Navigate to Bard: Open your preferred web browser and go to the Bard website.

Secure Login: Access the service by signing in with your Google account, assuring a seamless and secure experience.

Interactive Chat: You can now use Bard, where Gemini Pro’s advanced features can be opted.

Power of Multimodality:

At its core, Gemini utilizes a transformer-based architecture, similar to those employed in successful NLP models like GPT-3. However, Gemini’s uniqueness lies in its ability to process and integrate information from multiple modalities, including text, images, and code. This is achieved through a novel technique called cross-modal attention, which allows the model to learn relationships and dependencies between different types of data.

Here’s a breakdown of Gemini’s key components:

Multimodal Encoder: This module processes the input data from each modality (e.g., text, image) independently, extracting relevant features and generating individual representations.

Cross-modal Attention Network: This network is the heart of Gemini. It allows the model to learn relationships and dependencies between the different representations, enabling them to “talk” to each other and enrich their understanding.

Multimodal Decoder: This module utilizes the enriched representations generated by the cross-modal attention network to perform various tasks, such as image captioning, text-to-image generation, and code generation.

Gemini model isn’t just about understanding text or images—it’s about integrating different kinds of information in a way that’s much closer to how we, as humans, perceive the world. For instance, Gemini can look at a sequence of images and determine the logical or spatial order of objects within them. It can also analyze the design features of objects to make judgments, such as which of two cars has a more aerodynamic shape.

But Gemini’s talents go beyond just visual understanding. It can turn a set of instructions into code, creating practical tools like a countdown timer that not only functions as directed but also includes creative elements, such as motivational emojis, to enhance user interaction. This indicates an ability to handle tasks that require a blend of creativity and functionality—skills that are often considered distinctly human.

Gemini’s capabilities : Spatial Reasoning (Source)

Gemini’s capabilities extend to executing programming tasks(Source)

Gemini sophisticated design is based on a rich history of neural network research and leverages Google’s cutting-edge TPU technology for training. Gemini Ultra, in particular, has set new benchmarks in various AI domains, showcasing remarkable performance lifts in multimodal reasoning tasks.

With its ability to parse through and understand complex data, Gemini offers solutions for real-world applications, especially in education. It can analyze and correct solutions to problems, like in physics, by understanding handwritten notes and providing accurate mathematical typesetting. Such capabilities suggest a future where AI assists in educational settings, offering students and educators advanced tools for learning and problem-solving.

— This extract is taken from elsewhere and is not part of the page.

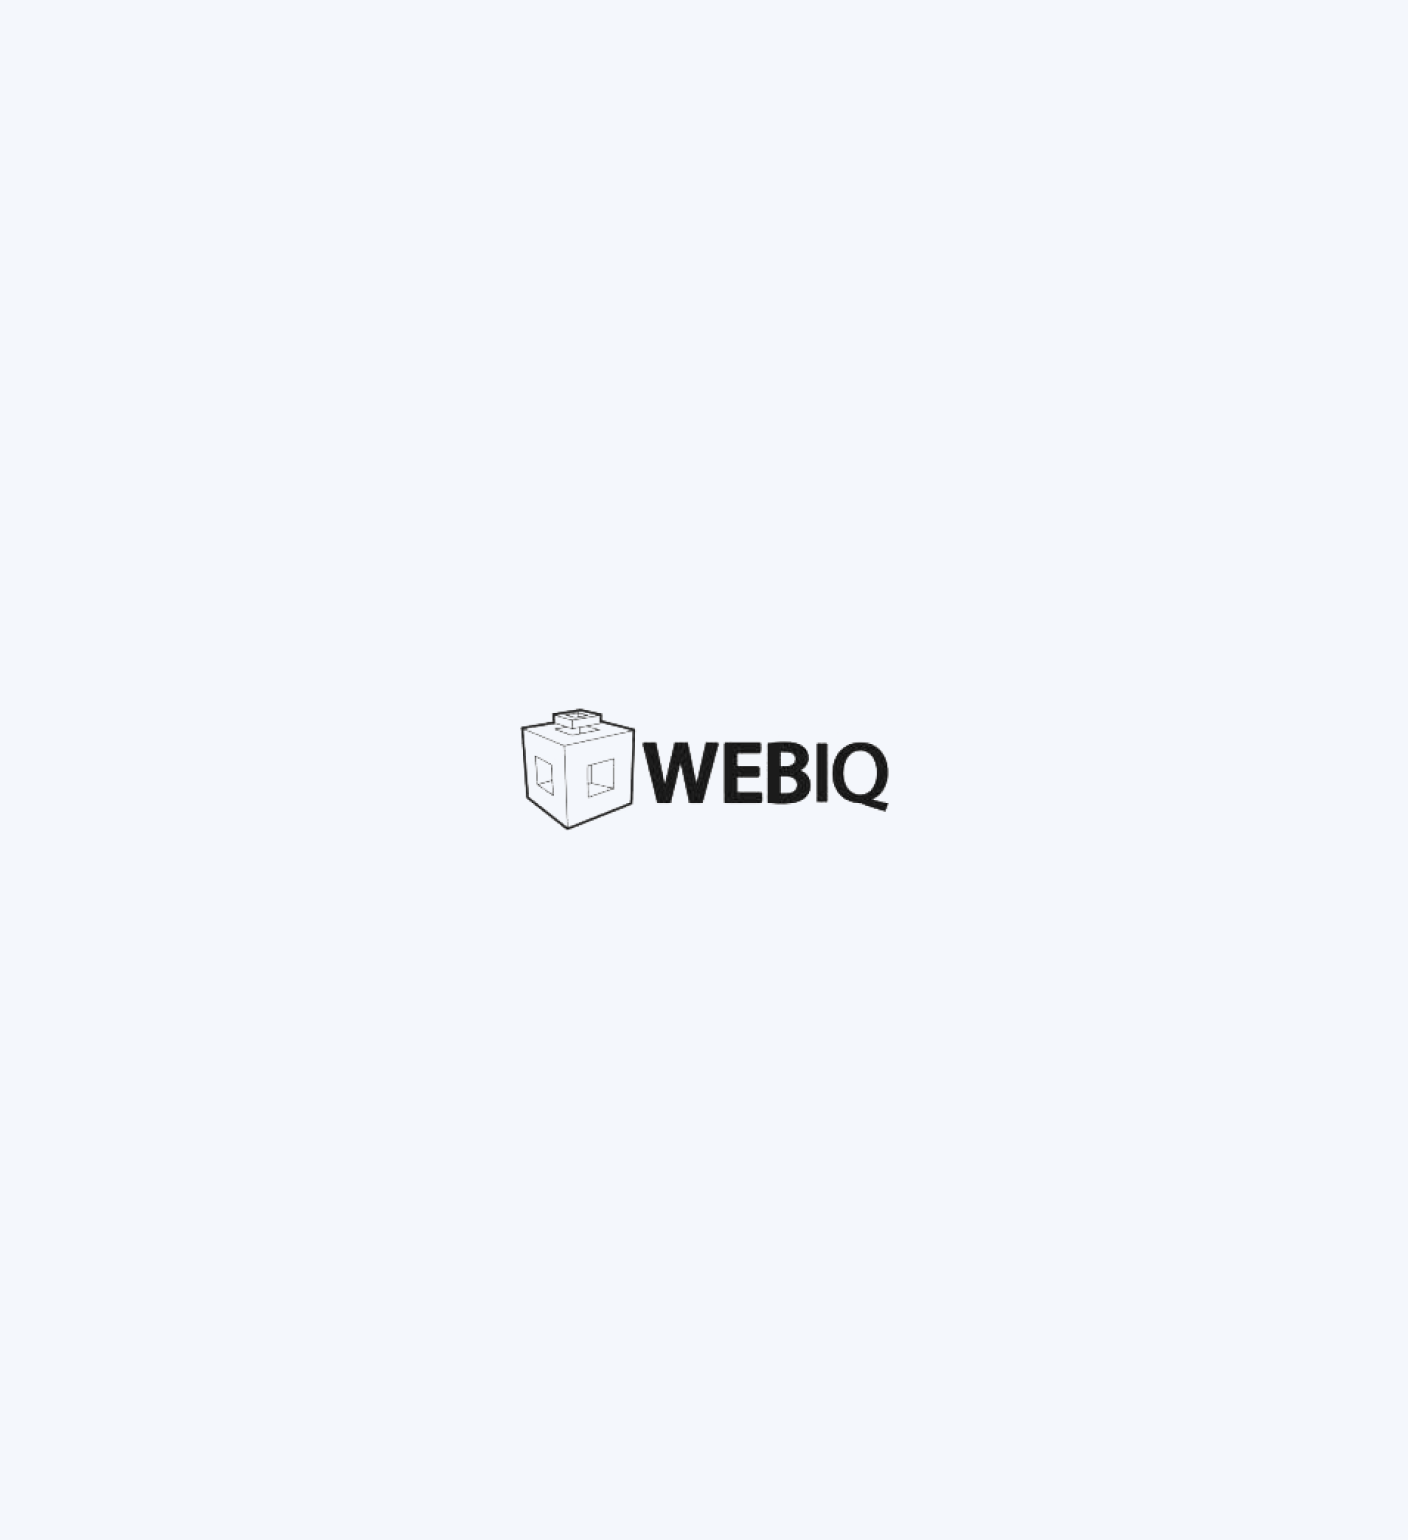 WebIQ-1

Gemini’s has been leveraged to create agents like AlphaCode 2, which excels at competitive programming problems. This showcases Gemini’s potential to act as a generalist AI, capable of handling complex, multi-step problems.

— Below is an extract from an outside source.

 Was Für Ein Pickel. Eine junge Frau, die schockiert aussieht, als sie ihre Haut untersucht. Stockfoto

Gemini Nano brings the power of AI to everyday devices, maintaining impressive abilities in tasks like summarization and reading comprehension, as well as coding and STEM-related challenges. These smaller models are fine-tuned to offer high-quality AI functionalities on lower-memory devices, making advanced AI more accessible than ever.

The development of Gemini involved innovations in training algorithms and infrastructure, using Google’s latest TPUs. This allowed for efficient scaling and robust training processes, ensuring that even the smallest models deliver exceptional performance.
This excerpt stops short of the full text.